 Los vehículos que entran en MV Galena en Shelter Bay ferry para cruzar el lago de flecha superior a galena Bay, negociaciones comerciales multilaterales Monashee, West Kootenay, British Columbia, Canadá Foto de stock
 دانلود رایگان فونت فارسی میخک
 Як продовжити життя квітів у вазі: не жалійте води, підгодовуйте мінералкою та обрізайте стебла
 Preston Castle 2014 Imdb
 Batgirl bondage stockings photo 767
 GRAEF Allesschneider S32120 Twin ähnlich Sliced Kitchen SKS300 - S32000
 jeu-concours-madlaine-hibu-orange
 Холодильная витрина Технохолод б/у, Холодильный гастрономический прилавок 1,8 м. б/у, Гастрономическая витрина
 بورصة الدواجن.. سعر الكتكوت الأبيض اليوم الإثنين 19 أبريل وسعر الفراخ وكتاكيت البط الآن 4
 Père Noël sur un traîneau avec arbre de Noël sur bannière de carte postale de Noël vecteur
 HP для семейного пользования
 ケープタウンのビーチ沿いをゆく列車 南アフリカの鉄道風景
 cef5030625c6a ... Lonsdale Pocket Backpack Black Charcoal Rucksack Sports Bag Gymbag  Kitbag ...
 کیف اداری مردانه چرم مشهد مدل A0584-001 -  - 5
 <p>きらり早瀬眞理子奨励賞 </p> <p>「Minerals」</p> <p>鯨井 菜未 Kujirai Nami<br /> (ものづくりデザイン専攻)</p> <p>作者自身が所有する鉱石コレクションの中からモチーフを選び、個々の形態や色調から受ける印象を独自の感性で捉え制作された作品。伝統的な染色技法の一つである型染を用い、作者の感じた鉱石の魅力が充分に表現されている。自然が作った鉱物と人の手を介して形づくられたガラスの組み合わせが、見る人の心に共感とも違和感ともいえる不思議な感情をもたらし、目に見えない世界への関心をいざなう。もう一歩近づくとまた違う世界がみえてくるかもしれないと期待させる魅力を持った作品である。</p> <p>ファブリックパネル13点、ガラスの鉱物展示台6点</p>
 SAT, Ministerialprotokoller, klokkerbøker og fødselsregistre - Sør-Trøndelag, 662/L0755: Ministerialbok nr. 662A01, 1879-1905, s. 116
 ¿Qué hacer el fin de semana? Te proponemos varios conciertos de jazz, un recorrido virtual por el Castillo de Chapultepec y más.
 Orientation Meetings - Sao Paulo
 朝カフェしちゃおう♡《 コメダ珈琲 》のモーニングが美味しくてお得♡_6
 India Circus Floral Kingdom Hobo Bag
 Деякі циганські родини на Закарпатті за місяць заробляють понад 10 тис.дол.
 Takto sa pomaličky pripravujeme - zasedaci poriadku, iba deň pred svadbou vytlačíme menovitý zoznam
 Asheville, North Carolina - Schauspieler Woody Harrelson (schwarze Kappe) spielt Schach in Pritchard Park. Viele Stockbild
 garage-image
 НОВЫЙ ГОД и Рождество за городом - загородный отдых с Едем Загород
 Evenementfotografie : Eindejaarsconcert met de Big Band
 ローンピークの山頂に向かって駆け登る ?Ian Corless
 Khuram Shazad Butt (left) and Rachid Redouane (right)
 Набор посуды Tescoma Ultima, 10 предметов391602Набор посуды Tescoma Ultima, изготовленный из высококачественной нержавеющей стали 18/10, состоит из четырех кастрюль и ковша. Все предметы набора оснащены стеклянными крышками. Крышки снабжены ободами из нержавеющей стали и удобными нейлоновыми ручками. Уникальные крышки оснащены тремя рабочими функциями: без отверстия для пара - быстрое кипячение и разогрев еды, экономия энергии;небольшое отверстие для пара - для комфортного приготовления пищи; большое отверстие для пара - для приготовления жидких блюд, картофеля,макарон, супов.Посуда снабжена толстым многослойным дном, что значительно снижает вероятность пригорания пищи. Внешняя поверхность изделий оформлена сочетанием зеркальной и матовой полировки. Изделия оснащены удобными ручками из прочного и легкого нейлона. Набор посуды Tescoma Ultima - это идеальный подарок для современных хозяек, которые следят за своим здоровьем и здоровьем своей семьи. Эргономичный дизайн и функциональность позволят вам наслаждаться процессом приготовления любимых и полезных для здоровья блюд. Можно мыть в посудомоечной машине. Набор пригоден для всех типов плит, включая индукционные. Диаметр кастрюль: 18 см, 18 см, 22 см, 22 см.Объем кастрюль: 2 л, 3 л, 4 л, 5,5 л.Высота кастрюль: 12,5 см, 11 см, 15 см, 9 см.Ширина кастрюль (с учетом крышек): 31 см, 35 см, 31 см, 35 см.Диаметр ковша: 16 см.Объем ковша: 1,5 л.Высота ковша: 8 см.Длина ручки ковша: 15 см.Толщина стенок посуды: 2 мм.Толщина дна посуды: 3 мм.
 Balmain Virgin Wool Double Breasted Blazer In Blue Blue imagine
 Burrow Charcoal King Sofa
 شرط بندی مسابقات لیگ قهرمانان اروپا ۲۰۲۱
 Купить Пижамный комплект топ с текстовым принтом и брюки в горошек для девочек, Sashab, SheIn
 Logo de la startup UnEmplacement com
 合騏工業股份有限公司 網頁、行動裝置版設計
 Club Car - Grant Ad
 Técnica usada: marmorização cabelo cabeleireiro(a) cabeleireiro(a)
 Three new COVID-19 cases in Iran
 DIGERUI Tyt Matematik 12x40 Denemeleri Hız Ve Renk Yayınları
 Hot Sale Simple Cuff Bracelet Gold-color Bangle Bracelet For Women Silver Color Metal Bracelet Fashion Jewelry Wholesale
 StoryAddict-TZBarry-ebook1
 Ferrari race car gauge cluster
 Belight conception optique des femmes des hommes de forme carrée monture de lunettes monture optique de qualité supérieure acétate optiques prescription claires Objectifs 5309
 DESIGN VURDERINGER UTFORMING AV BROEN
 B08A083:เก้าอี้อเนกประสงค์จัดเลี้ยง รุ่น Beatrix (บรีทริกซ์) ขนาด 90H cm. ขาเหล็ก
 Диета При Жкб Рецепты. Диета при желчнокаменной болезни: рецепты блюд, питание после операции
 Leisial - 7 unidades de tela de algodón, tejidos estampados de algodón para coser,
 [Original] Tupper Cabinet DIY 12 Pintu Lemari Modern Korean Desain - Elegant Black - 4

* * * * * * *

→ YOUR INSTRUCTIONS
Word for word, restate the entries from the first line to the line that has "Père Noël sur", both included, and nothing else.

→ ANSWER BOX
 Los vehículos que entran en MV Galena en Shelter Bay ferry para cruzar el lago de flecha superior a galena Bay, negociaciones comerciales multilaterales Monashee, West Kootenay, British Columbia, Canadá Foto de stock
 دانلود رایگان فونت فارسی میخک
 Як продовжити життя квітів у вазі: не жалійте води, підгодовуйте мінералкою та обрізайте стебла
 Preston Castle 2014 Imdb
 Batgirl bondage stockings photo 767
 GRAEF Allesschneider S32120 Twin ähnlich Sliced Kitchen SKS300 - S32000
 jeu-concours-madlaine-hibu-orange
 Холодильная витрина Технохолод б/у, Холодильный гастрономический прилавок 1,8 м. б/у, Гастрономическая витрина
 بورصة الدواجن.. سعر الكتكوت الأبيض اليوم الإثنين 19 أبريل وسعر الفراخ وكتاكيت البط الآن 4
 Père Noël sur un traîneau avec arbre de Noël sur bannière de carte postale de Noël vecteur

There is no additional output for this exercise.